Here's everything you need to know about the powerhouse athlete:
U.S. & World
1. She Almost Quit the Sport: Four years after her parents first enrolled Simone and her two older brothers in swim lessons to learn water safety, the Olympian-in-training almost traded her swimsuits for dance leotards at 9 years old. But with a little convincing from her family, Simone stuck to what came to her naturally. After all, her mom knew she was destined for the pool after a trip to a local water park, telling Sugar Land Magazine, "The second we put her in the water, she splashed and splashed and splashed. It was like a transformation."
2. She's No Stranger to Making History: Back in 2015, Simone made headlines for what would not be the last time when she finished first at the Women's Division 1 NCAA Championship in the 100m freestyle. (Not to mention she also set a NCAA, American, U.S. Open, Championship and Pool record after clocking in with a time of 46.09). Alongside fellow Olympian Lia Neal and Natalie Hinds, the three became the first African-American swimmers to have ever swept the podium. Not too shabby, Simone!

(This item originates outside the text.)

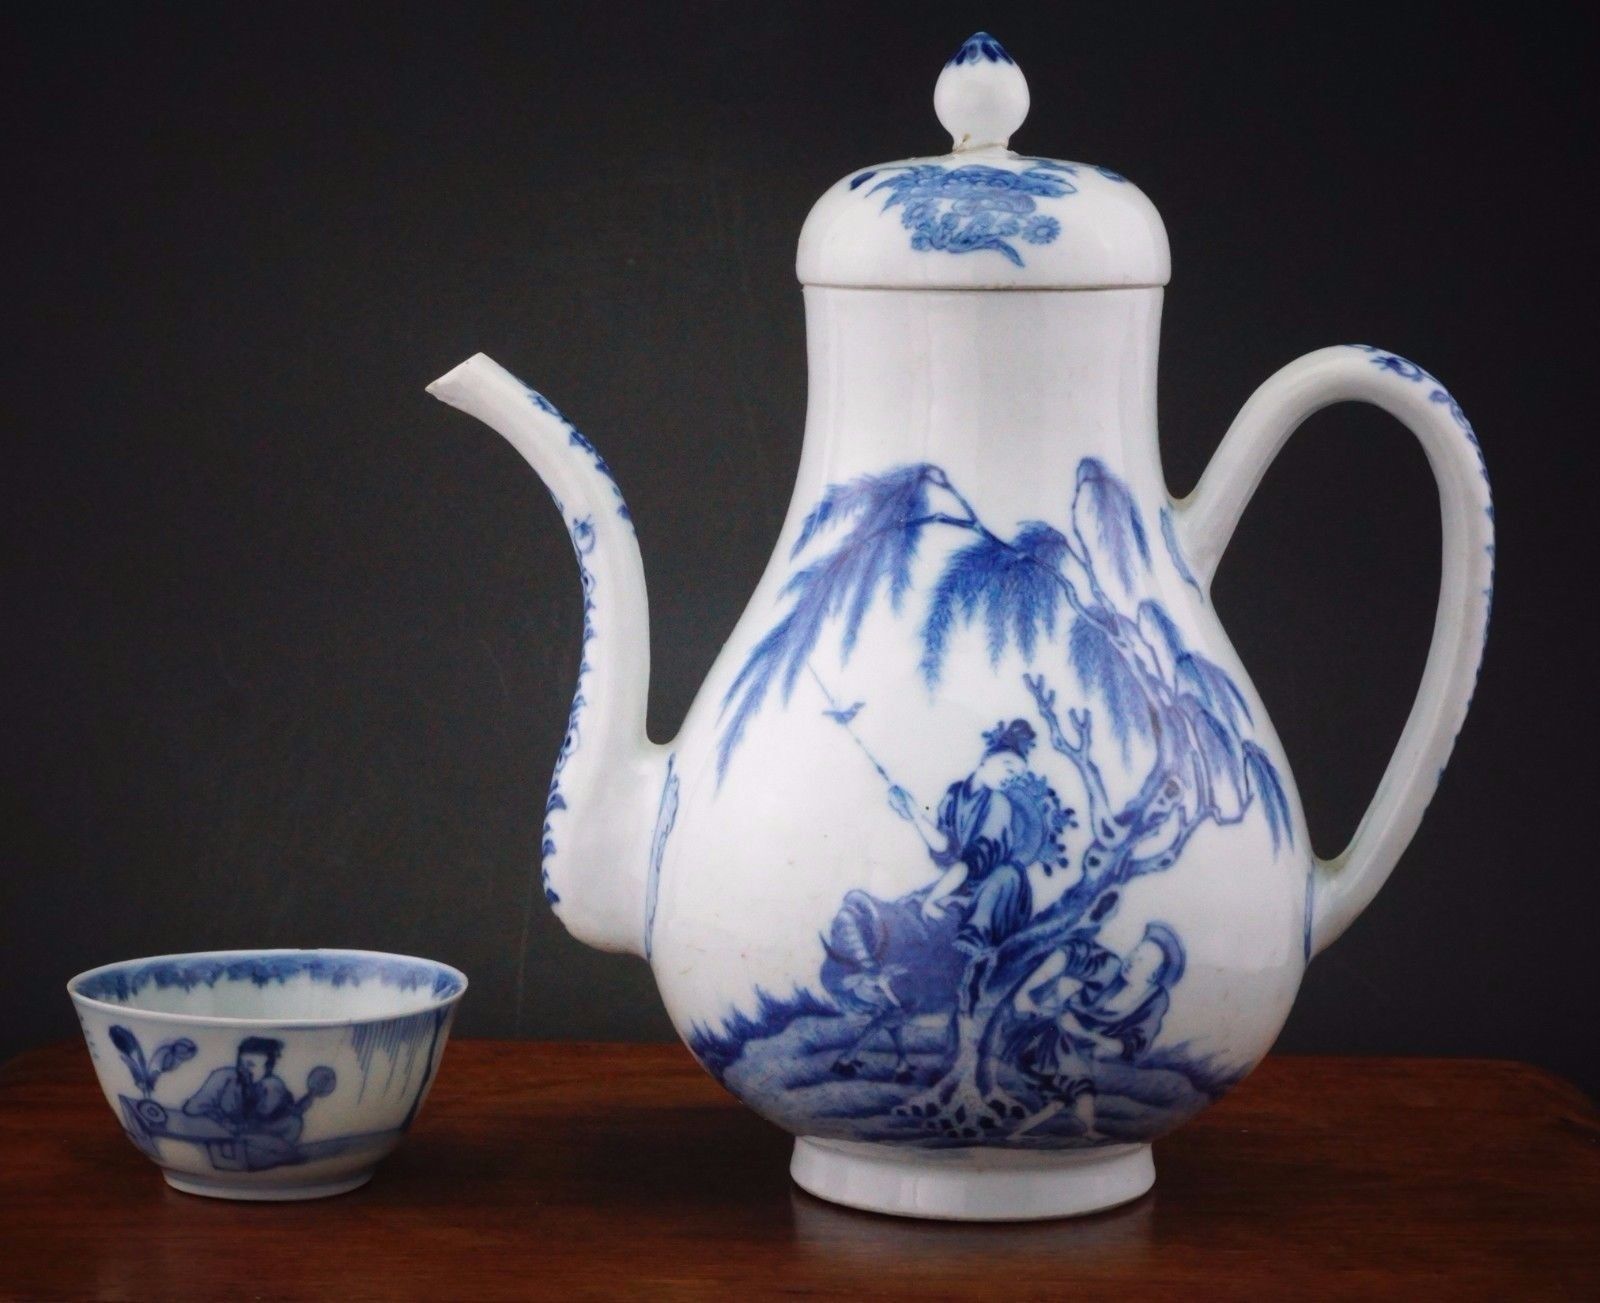 Antiquités : Top 5 des théières chinoises parmi les plus chères vendues aux enchères !

3. She Understands the Work Hard, Play Hard Mentality: While most of us will never fathom the level of dedication and sacrifice it takes to compete on the world's stage at the Olympics, Simone is able to do all that and maintain a positive outlook on the sport's most grueling aspects. Take her workouts for example, which feature the swimmer and her teammates lifting weights to Beyonce and fitting in some dance breaks along the way. In a recent interview Manuel said her pre-meet routine is less about scoping out the competition and more about having a good time.

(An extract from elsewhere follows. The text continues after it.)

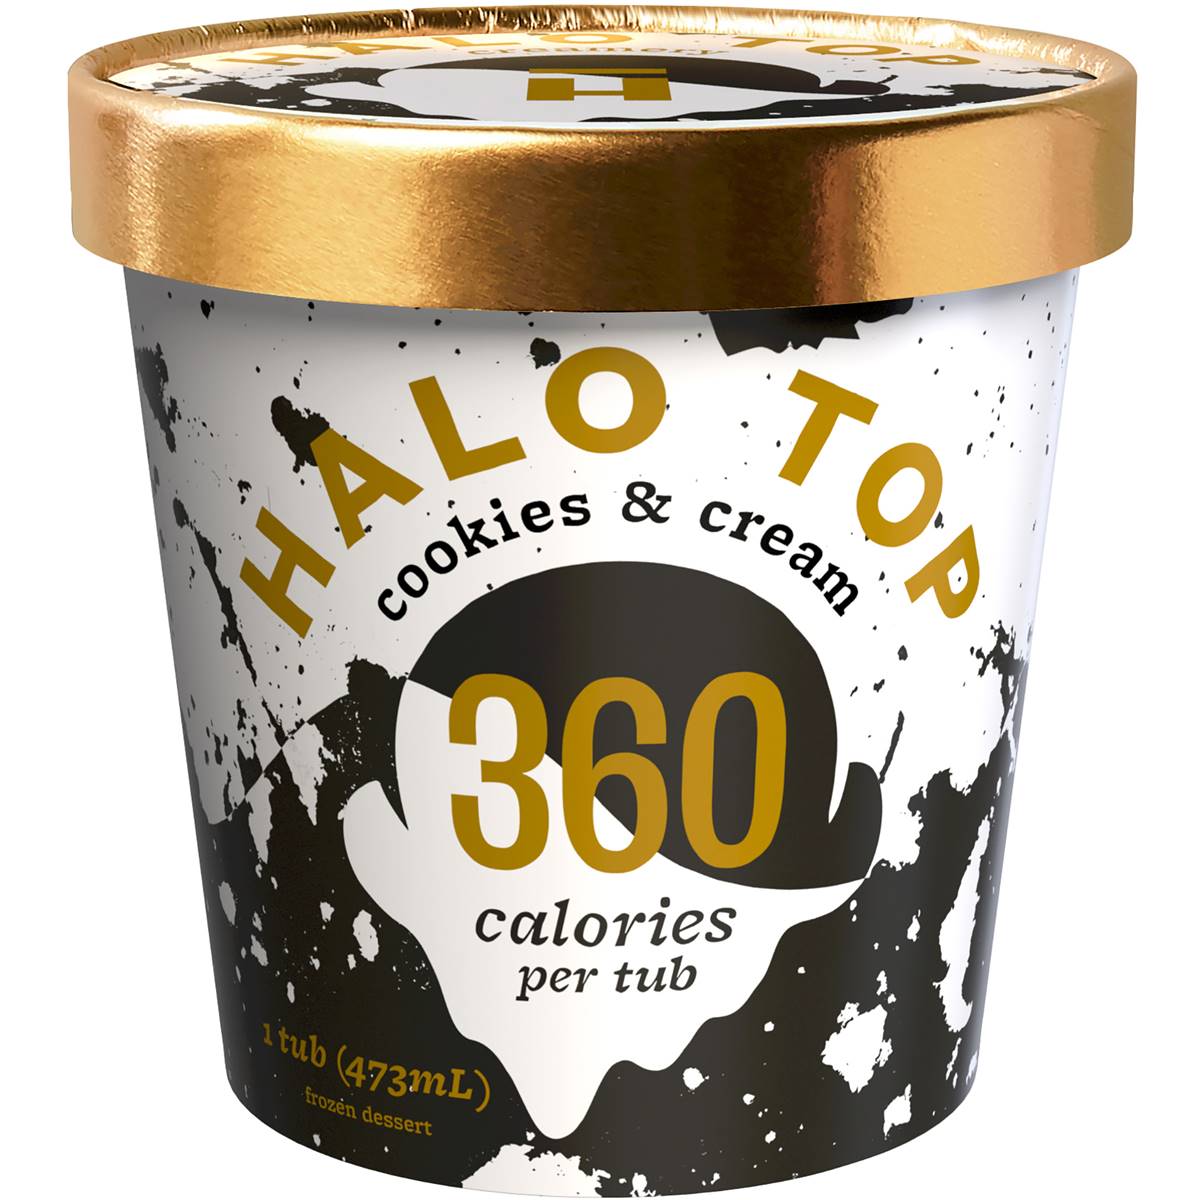 Calories in Halo Top Cookies & Cream Frozen Dessert Tub

"I like to keep things light-hearted and fun. For the most part I'm joking around with my teammates, sending Snapchats, doing anything but focusing on my race. I think that helps me not have too many nerves," she said.
4. She's a Student at a Top University: Simone studies and swims for Stanford University, and with such a rigorous course load on top of her training schedule, the athlete says she's able to handle it all by, "[communicating] with my teachers early, and I study the syllabus. The syllabus always keeps me on track," adding, "I always find time for naps, so that allows me to stay balanced and take care of all of my priorities."
5. She's Outspoken About the Lack of Diversity in Swimming: Ahead of her Olympic journey, Simone opened up to the Huffington Post about grappling with the sport's demographic. "I have felt like quitting," she told the outlet, adding, "I always had an issue with not seeing 'people that looked like me' in the sport."
Of her gold medal win, Manuel said, "It means a lot, especially with what is going on in the world today, some of the issues of police brutality. This win hopefully brings hope and change to some of the issues that are going on. My color just comes with the territory."